Intertextual references to Oedipus Rex and Shahnameh are rife in the entire book. Oedipus Rex is a Greek tragedy where a young boy is prophesied to kill his father and marry his mother, and Shahnameh is the Iranian tale where the father kills his own son. Masculinity and power struggle between the males is a central theme in the book and hence the motif of the well transcends being one of just finding water but also goes into the subconscious and the unconscious mind where impulses, feelings and primal instincts play a huge role.

The Father complex is a group of unconscious associations or strong impulses which specifically pertain to the archetype of ‘The Father’. The Father complex was studied by Sigmund Freud, who associated the ambivalent feelings that a male child has with the father as a part of the Oedipus complex. Carl Jung associated it to the female child as well. Jungians have delved into the concept of Father hunger, where the absence of the father makes one look for the same in the world outside.

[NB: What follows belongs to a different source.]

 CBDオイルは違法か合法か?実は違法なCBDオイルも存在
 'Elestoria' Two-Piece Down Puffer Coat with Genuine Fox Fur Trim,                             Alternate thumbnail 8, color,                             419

Sometimes this could lead to finding the father within oneself. So one doesn’t have to look for the father but become one.

Perhaps the use of the well in the red-haired woman is a conscious choice of the storyteller to descend into the subconscious. The stories gradual progress is an unveiling of the subconscious to reveal the instincts of the protagonist. But does that leave room for abstraction? Pamuk’s novel does delve into the subconscious through the ladder of lyrical prose. The violence is poetic in some senses. Could there be room for uncovering the not so understandable realm of these impulses? which doesn’t necessarily follow linear thought.

Pamuk’s novel is a slow unveiling of human instinct, it is a well-woven narrative that the takes the reader to the underbelly of the Earth, slowly uncovering the layers of the human mind along with it.